On 2/2/25 3:09 AM, 'Alexey Savchkov' via The Meson Build System wrote:
> I build multiple C++ meson/ninja projects in parallel (on a build agent)
> and need to limit meson concurrency otherwise a project takes up all
> available system resources. Initially I tried to specify the -j option to
> 'meson compile' and it indeed limits the number of cc1plus processes but
> then comes the linker and throws a number of lto1-ltrans processes which is
> apparently not affected by the -j flag (it should perhaps?). Then in
> addition to -j I also set project('myproject', 'cpp', default_options:
> [..., 'backend_max_links=1', ...]) - again with no effect on lto1-ltrans.

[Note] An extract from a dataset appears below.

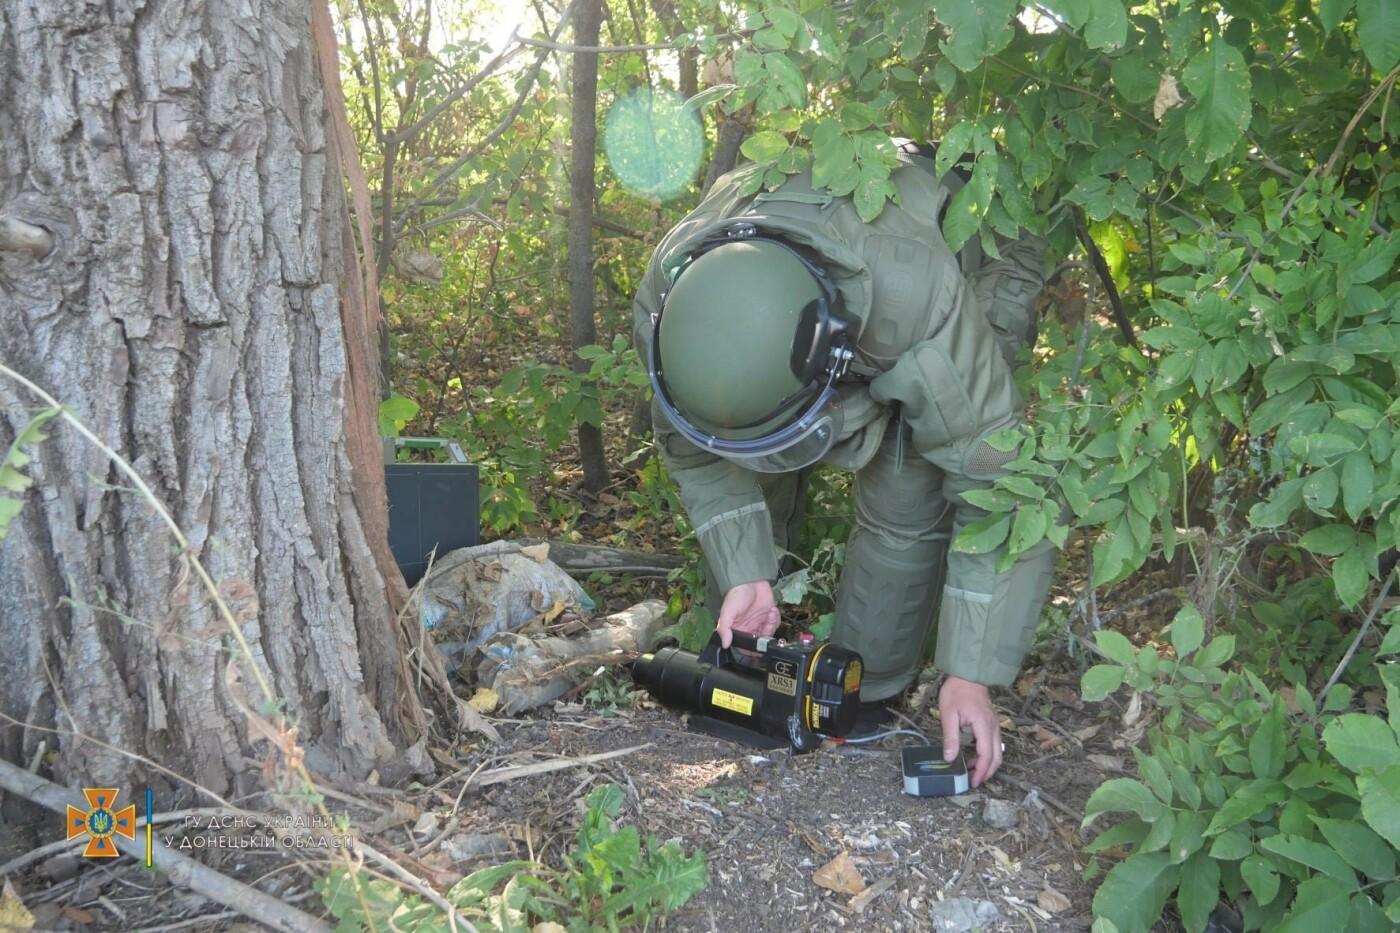 Саперы обезвредили боеприпас на трассе под Волновахой, - ФОТО, фото-8

> The only way I can contol the number of lto1-ltrans processes is by varying
> the number of CPUs in the system with lto1-ltrans's being exactly equal to
> the number of CPUs but this is only for localisation of the cause and isn't
> a real solution for me.
>
> Is it by intension or a bug? Looks like it is impossible to build more than
> one project at one time.
If you're seeing too many lto1-ltrans processes then this is not
controlled by backend_max_links or even -j1.
> These are the compildation flags that rpmbuild (%meson-macros) outputs:
>
> + CFLAGS='-O2 -flto=auto -ffat-lto-objects [......]
Using -j1 limits to a single GCC linker job at a time. GCC's linker
support then runs "auto" number of lto1-ltrans jobs, which can
communicate with the GNU Make jobserver to limit the parallelism but
otherwise uses as many processes as you have CPUs.
This is a Ninja bug that may be fixed by
https://github.com/ninja-build/ninja/pull/2506
The other option is to configure meson with
-D b_lto_threads=1
to prevent LTO from using more than one job at a time. This will prevent
sharing resources across multiple projects at all, but at least you
won't have problematic system resource exhaustion.